Welcome to the Auditory Electrophysiology Lab at Purdue University!

  • lab member at work

Our current research focuses on two sets of experiments related to neural encoding of voice pitch and speech spectra at the level of the auditory brainstem (using the frequency following response) and auditory cortex (using the cortical pitch response). This research is funded by the National Institutes of Health:

Experience-dependent plasticity for pitch representation in the brainstem and auditory cortex

Our lab was the first to report that long-term language experience influences pre-attentive stages of pitch processing at both the brainstem and cortical levels by enhancing the representation of linguistically relevant dimensions of pitch. The long term objective of this research program is to advance our knowledge of how pitch mechanisms in the auditory brainstem and at early sensory stages of processing in the auditory cortex reorganize with experience, and to determine their role in the hierarchical processing of the temporal structure of sound. We are also interested in evaluating the nature of interplay between early sensory level processes and later cognitive level of processing, specifically, if later cognitive level processing modulates early sensory level processing.

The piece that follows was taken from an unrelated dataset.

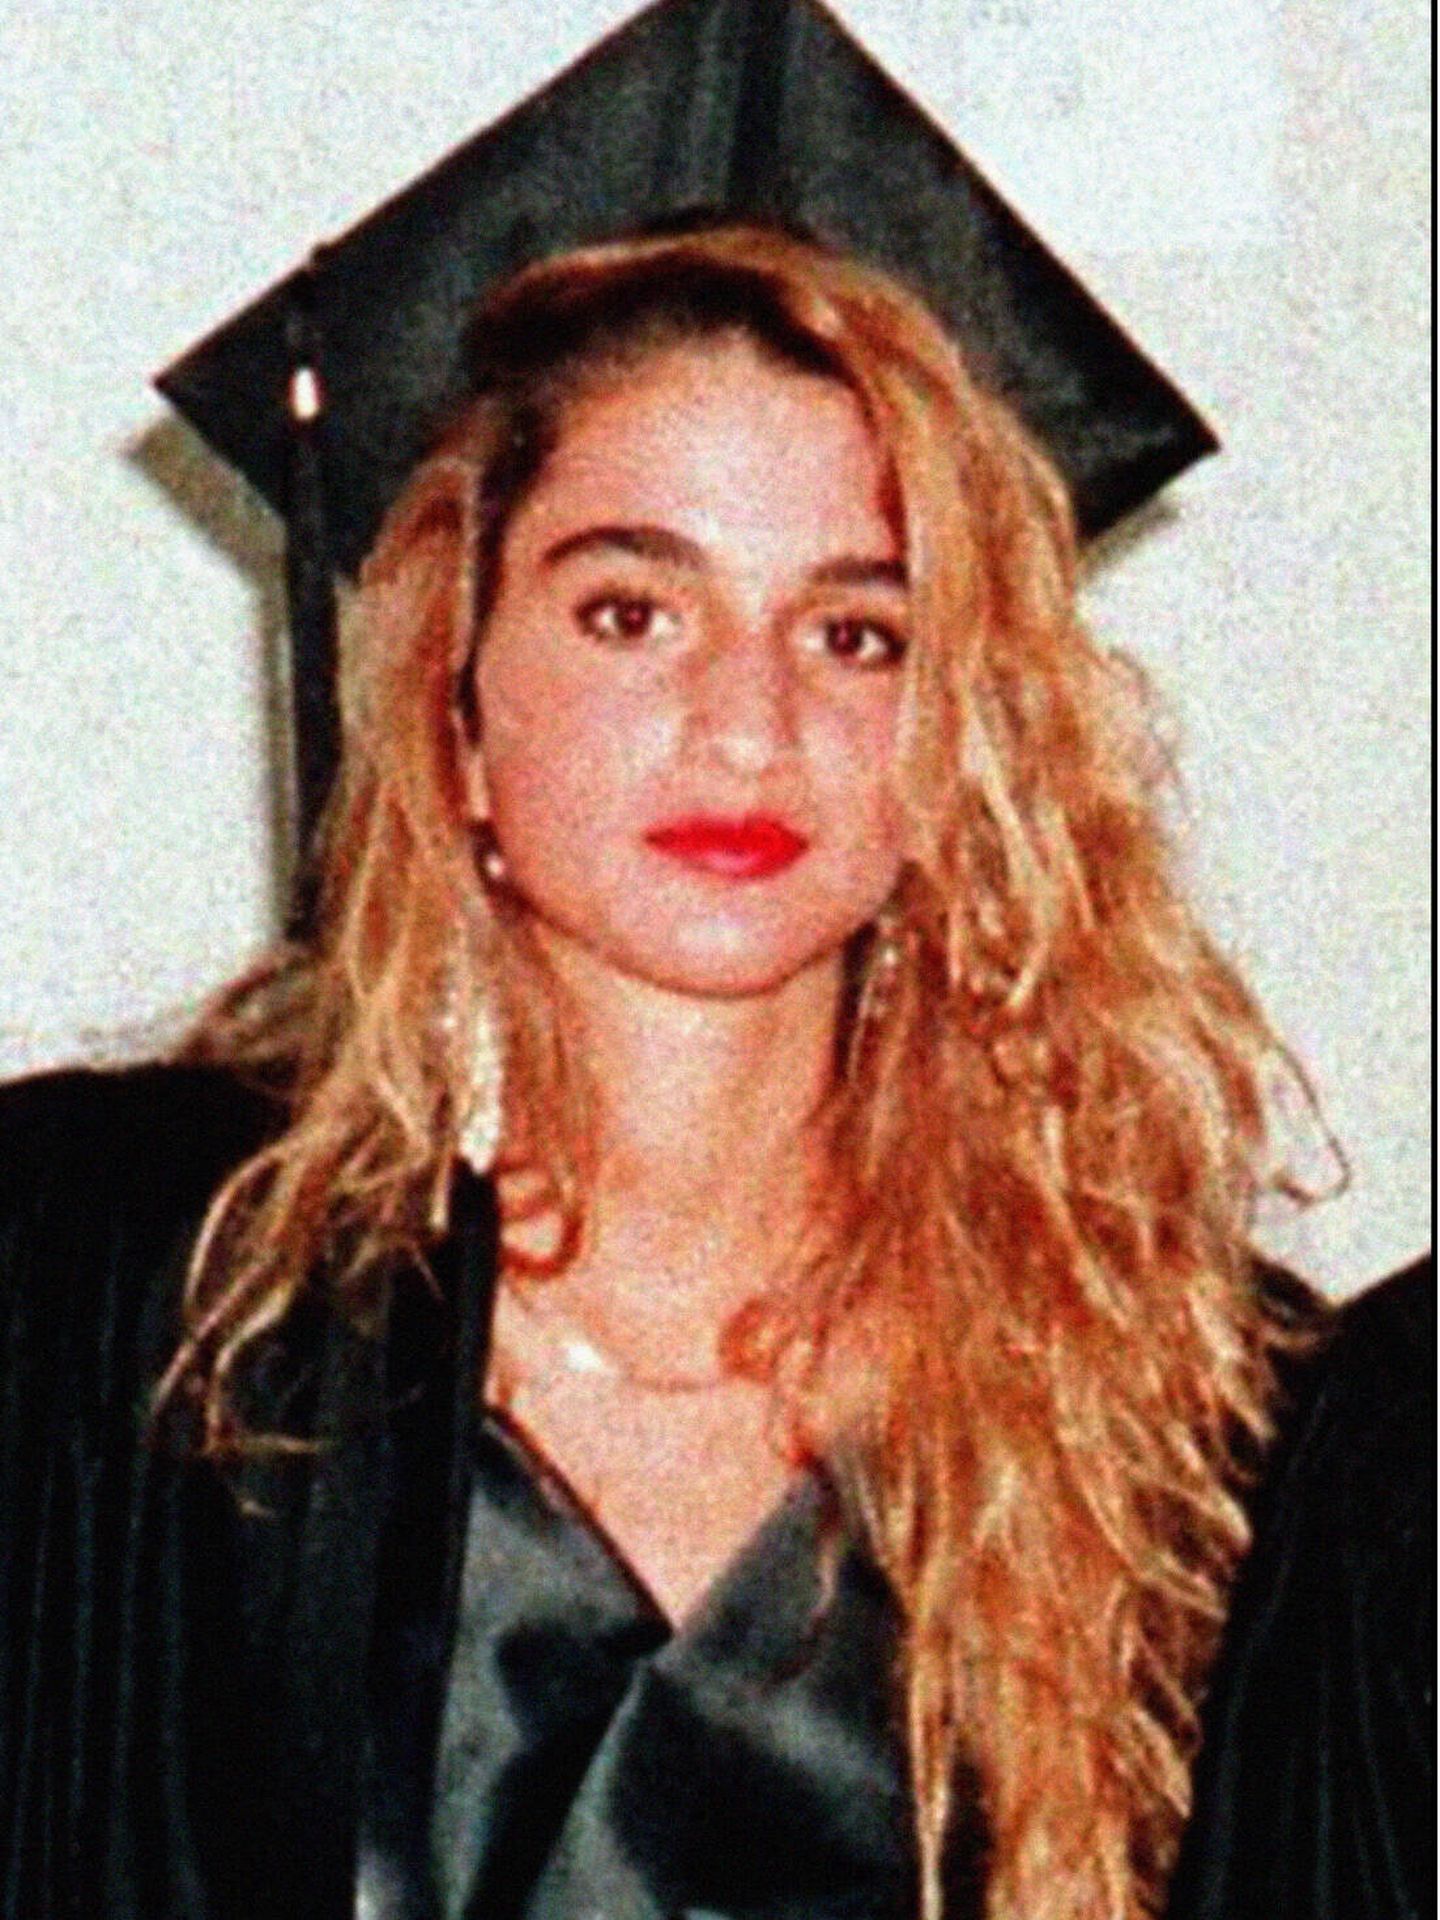 Rania de Jordania, en una foto de joven, antes de sus retoques estéticos. (Gtres)

Neural encoding of speech in normal and impaired ears

The long-term research objective of these experiments is to evaluate the nature of neural representation of speech-like sounds in normal-hearing and hearing-impaired individuals in an effort to determine the perceptual consequences of degraded neural representation resulting from cochlear impairment and adverse listening conditions. Knowledge about the characteristics of neural representation of speech in normal and hearing-impaired individuals may shed light on the acoustic features of speech sounds that are important in their identification and the nature of the degradation in representation of these features. Evaluation of several strategies to enhance acoustic features may provide us information about signal processing strategies that will optimally recover degraded representation that may be implemented in hearing prosthetic devices.